Detect: ls /run/user/$(id -u)/wayland-* → if a wayland-* socket exists, the session is Wayland (jojo is KDE Wayland). XDG_SESSION_TYPE over an SSH shell reads tty and is USELESS for this — check the socket, or the running GUI's /proc/<pid>/environ.
On Wayland, launch with Wayland env — do NOT export DISPLAY=:0. DISPLAY=:0 forces the app under XWayland, and the symptom is exactly what bit us: paste fails (X11↔Wayland clipboard mismatch; the GUI shows a "can't paste" notification), plus unfaithful screenshots and disabled compositing. Correct form:
```
ssh <host> 'XDG_RUNTIME_DIR=/run/user/$(id -u) WAYLAND_DISPLAY=wayland-0 GDK_BACKEND=wayland \
    ~/.local/bin/yggterm-headless server app launch'
```
(unset/omit DISPLAY, or GDK_BACKEND=wayland overrides it). Verify after launch: tr '\0' '\n' < /proc/<gui-pid>/environ | grep -E 'WAYLAND_DISPLAY|DISPLAY|GDK_BACKEND' — WAYLAND_DISPLAY should be set and GDK_BACKEND should be wayland, NOT a bare DISPLAY=:0.
On a real X11 session (only /tmp/.X11-unix/X0, no wayland socket): DISPLAY=:0 is correct; do not force GDK_BACKEND=wayland.
A GUI launched in the wrong backend must be relaunched correctly — clipboard/paste and screenshot fidelity won't work until it is. See finding-app-screenshot-unfaithful-on-wayland.

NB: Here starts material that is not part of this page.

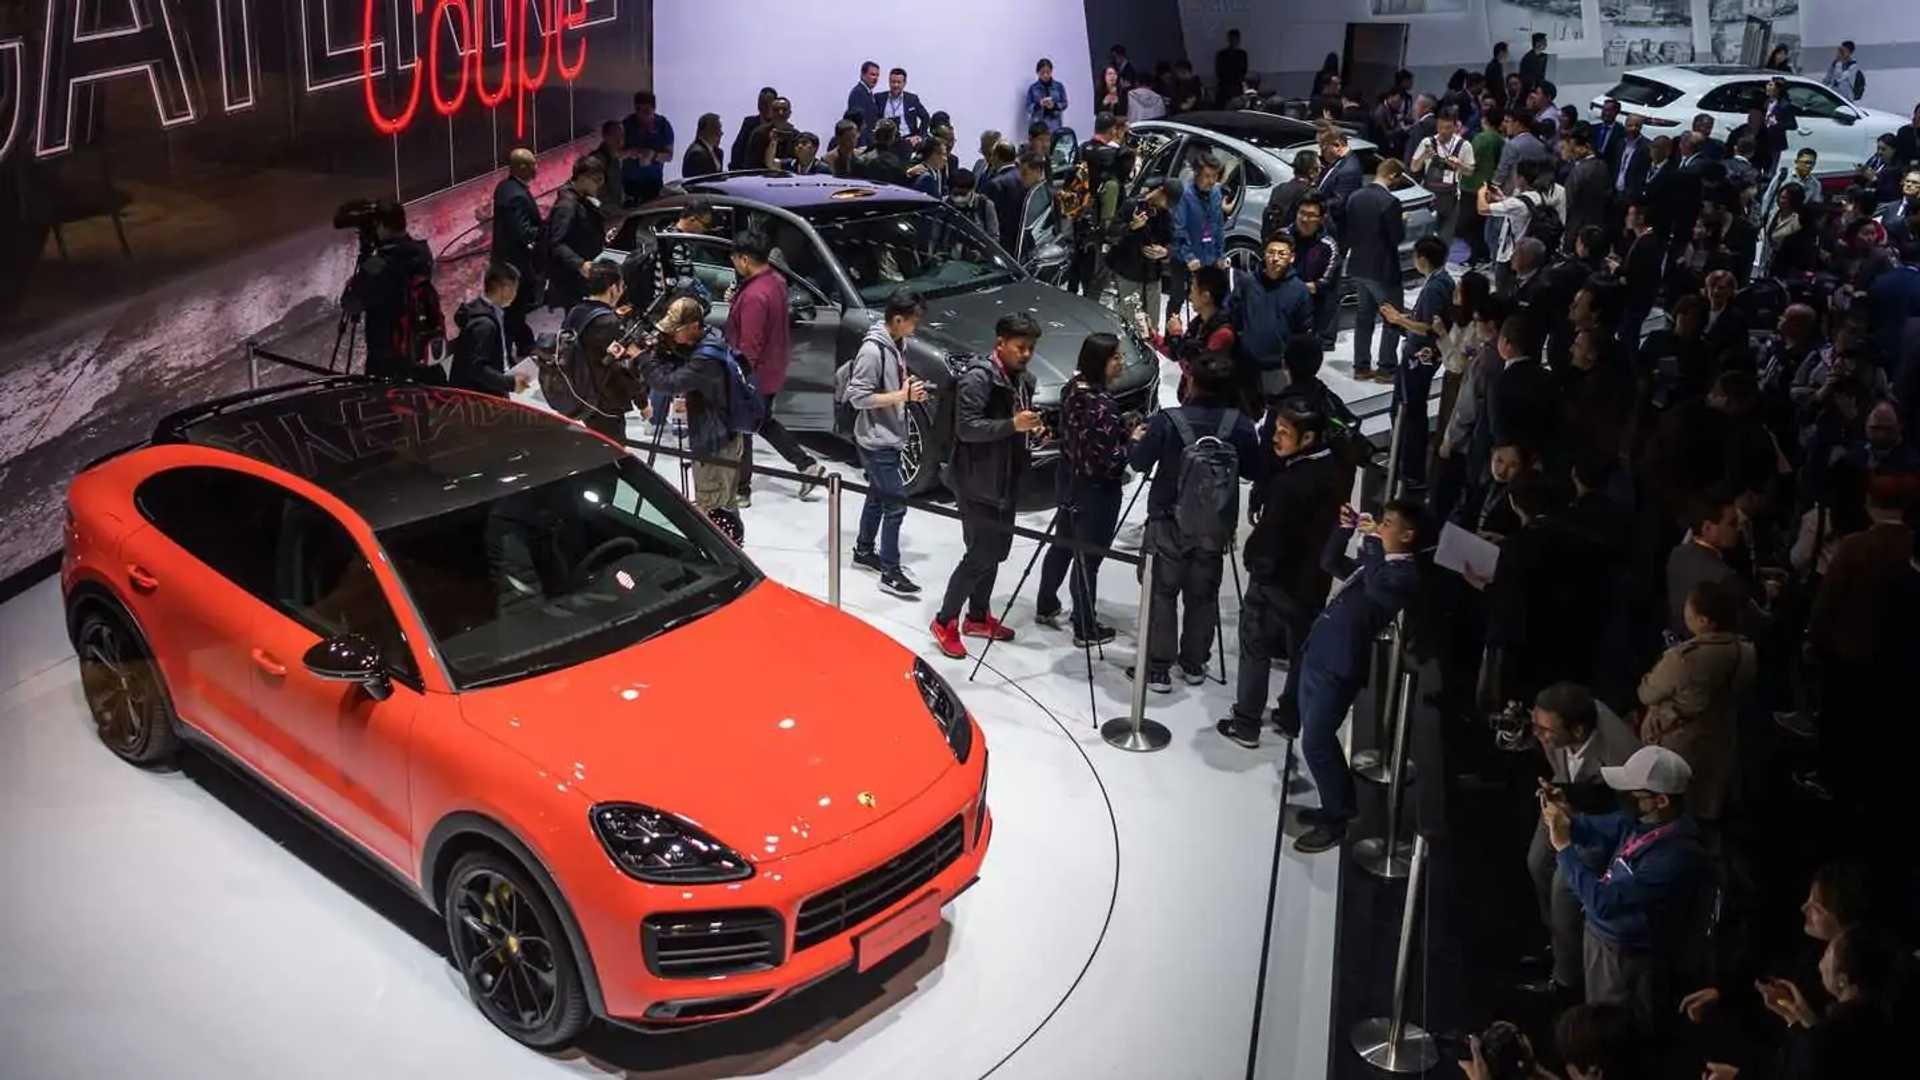 Porsche Cayenne Coupe at Auto Shanghai 2019

3. Caveats — which instruments lie (hard-won)

app state viewport_y is STALE when the window is backgrounded. It can disagree with what the user sees. Use the viewport_force_log (probe-scroll) and the user's eyes for live scroll position; never trust viewport_y alone when unfocused.
PUBLIC vs EFFECTIVE viewport. buffer.active.viewportY (public) is the buffer position; effectiveXtermViewportY (render/ydisp) is what's painted. They diverge on a stale-render strand (bg→fg) — public reads at-bottom while the render is stranded above. Measure strands with the EFFECTIVE value (what app state reports).
Wayland focus trap. On KDE Wayland a visible FOREGROUND window reports document.hasFocus()=false (document_focused=false). NEVER gate layout/render mutations on focus — gate on VISIBILITY (hostLooksUsable). And you CANNOT synthesize the OS window-focus (bg→fg) trigger eye-free on jojo (wmctrl/xdotool are X11) — that one transition needs a user trigger; everything else is agent-instrumentable.
Daemon screen = authoritative; client buffer can be stale. A "broken bottom" is almost always client-paint vs a correct daemon screen — diff them.
Screenshots: FIXED for the terminal (v2.8.46). server app screenshot now composites the xterm canvas in-process (xterm_canvas_composite, faithful) — works over SSH, unfocused, any platform. The old "screenshots lie on Wayland" trap (finding-app-screenshot-unfaithful-on-wayland) was the Spectacle path needing window focus the agent can't hold; that's now bypassed for the terminal. (Full-app/non-terminal chrome still uses the webkit/Spectacle path — faithful for DOM, canvas-blind only if you capture the terminal region via the full-app path instead of the composite.)
Passing deterministic test ≠ live-fixed — verify the ACTUAL live path/source the symptom uses (the 2.8.26 reconcile passed its string test but the live reveal carried a different retained_replay_source).
Don't free-list issues from raw telemetry fields — a field name may not mean what it says (input_enabled once meant focus-ownership, not "user can type"). Read the code that sets it or falsify against a live probe before citing it.

Pointers

docs/integration-testing.md (harness usage), docs/xterm-bugs.md (the xterm.js bug registry — every workaround has an // XTERM-BUG: <id> anchor + entry), docs/xterm.md (rendering/PTY bytes). Memory: campaign-xterm-dealbreakers (the master plan + which bugs recur), audit-viewport-scroll-control-flow (the scroll/follow class + the consolidated controller design + live captures).